How should we split the customers?
There are infinite criteria that can be used to segment customers . However, there is a popular, an effective, and an easy-to-use segmentation method named RFM segmentation that use customers purchase behavior to group customer. In the RFM segmentation:
- R stands for Recency. When was the last time the customer - purchased something?
- F stand for Frequency. What is the number of total purchases made by the customer?
- M stands for Monetary. What is the average amount spent when purchasing something?
It’s an excellent tool for marketers to target specific customers with communications and actions that are relevant for their behavior. Most specifically, it can help companies to manage wisely their budget,to increase revenue and profit by increasing sales, to better understand their customers, to gain competitive advantage against competitors, etc.
How can we perform the RFM segmentation in R ?
About the data
In this article, we will use the online store data set from the UCL repository available. Here. The data set contains all the transactions occurring for a UK-based and registered, non-store online retail between 01/12/2009 and 09/12/2011.The company mainly sells unique all-occasion gift-ware. Many customers of the company are wholesalers."
We have done all the data exploration in the Part I. Please refer to it for further informations.
Data loading
# install and Load the relevant packages
if(!require("pacman")) install.packages("pacman")
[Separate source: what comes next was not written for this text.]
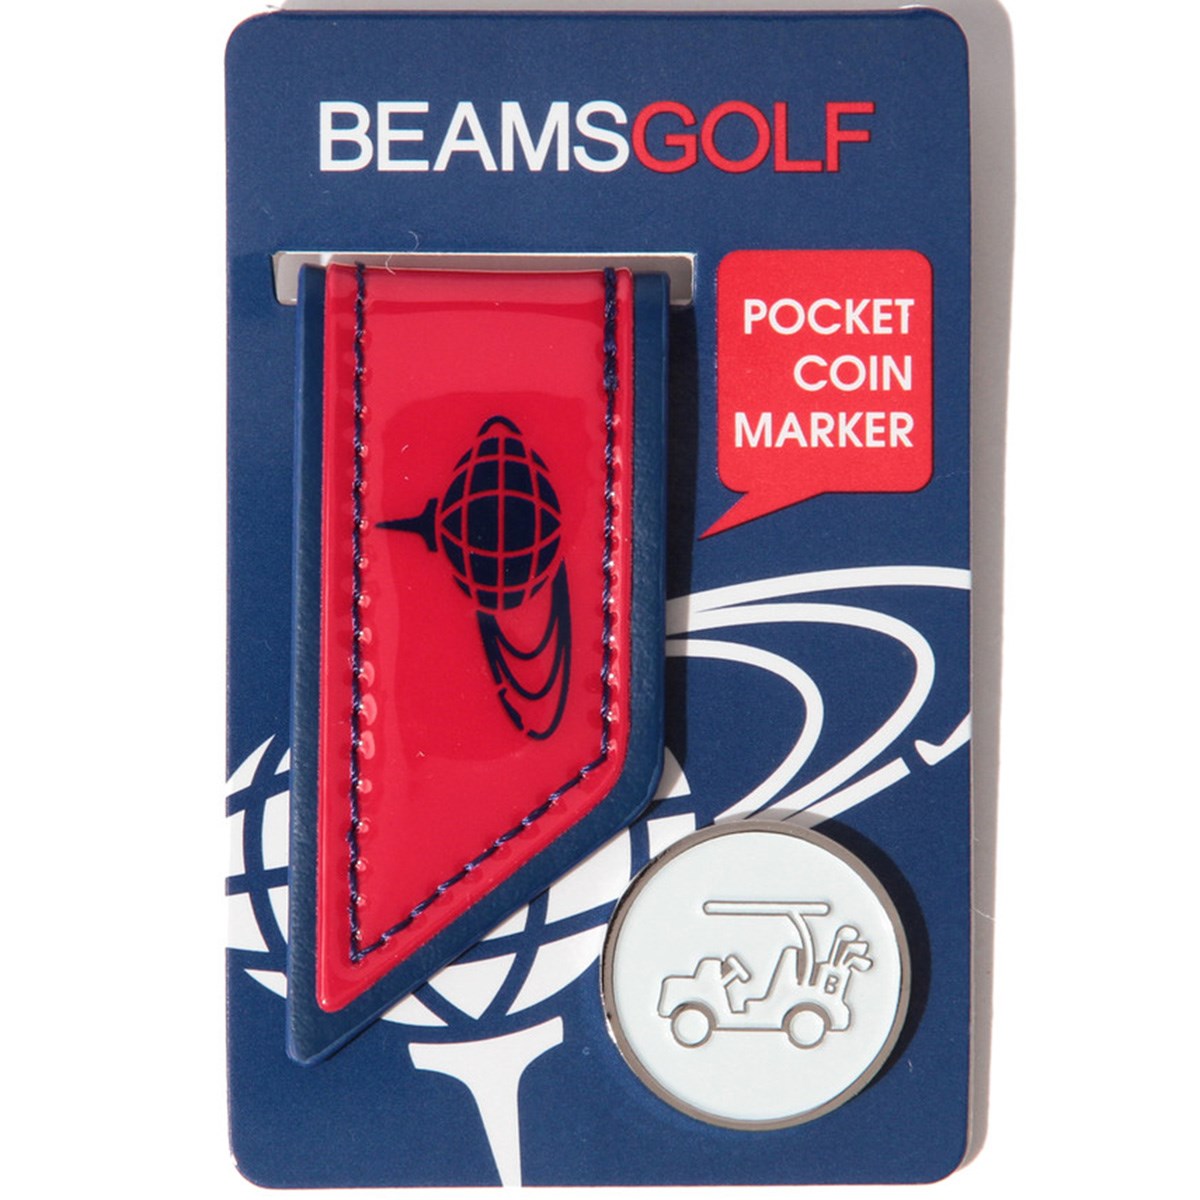 BEAMS GOLF II ポケットコインマーカー(マーカー)

p_load(readxl,tidyverse,kableExtra)
# Data loading
o.data <- read.csv("https://raw.githubusercontent.com/hhousni/rfm_analysis/main/Online%20Retail.csv")
# Data prep
data <- o.data %>%
select(CustomerID, Quantity, UnitPrice, InvoiceDate) %>%
mutate(InvoiceDate=as.Date(InvoiceDate, "%d/%m/%Y")) %>%
drop_na(CustomerID) %>%
filter(Quantity > 0, UnitPrice > 0 )
# create the RFM indicators
customersQ42011 <- data%>%
mutate (purchase_amount = (Quantity * UnitPrice)) %>%
arrange(CustomerID) %>%
group_by(CustomerID,InvoiceDate) %>%
summarise(Sales = sum(purchase_amount)) %>%
mutate(datediff =as.numeric(as.Date("2011-12-10") - InvoiceDate)) %>%
group_by(CustomerID) %>%
summarise(monetary = mean(Sales),
recency = min(datediff),
frequency = n(),
fisrt_purchase = max(datediff))
head(customersQ42011)
## # A tibble: 6 x 5
## CustomerID monetary recency frequency fisrt_purchase
## <int> <dbl> <dbl> <int> <dbl>
## 1 12346 77184. 326 1 326
## 2 12347 616. 3 7 368
## 3 12348 449. 76 4 359
## 4 12349 1758. 19 1 19
## 5 12350 334. 311 1 311
## 6 12352 358. 37 7 297
We have created and stored the RFM indicators and stored them in a new data frame called customerQ42011 which going to be used to proceed the segmentation.
Customer Segmentation
The managerial method for segmentation requires marketers to set rules in order to split their customers. In this article, we choose firstly to split the online store customers by the recency indicator. In other words, we choose to slice customers by when was the last time the customer made a purchase. Then, w e choose secondly to create subgroups by adding the monetary value. We choose finally to add the first purchase date to create the new active subgroup.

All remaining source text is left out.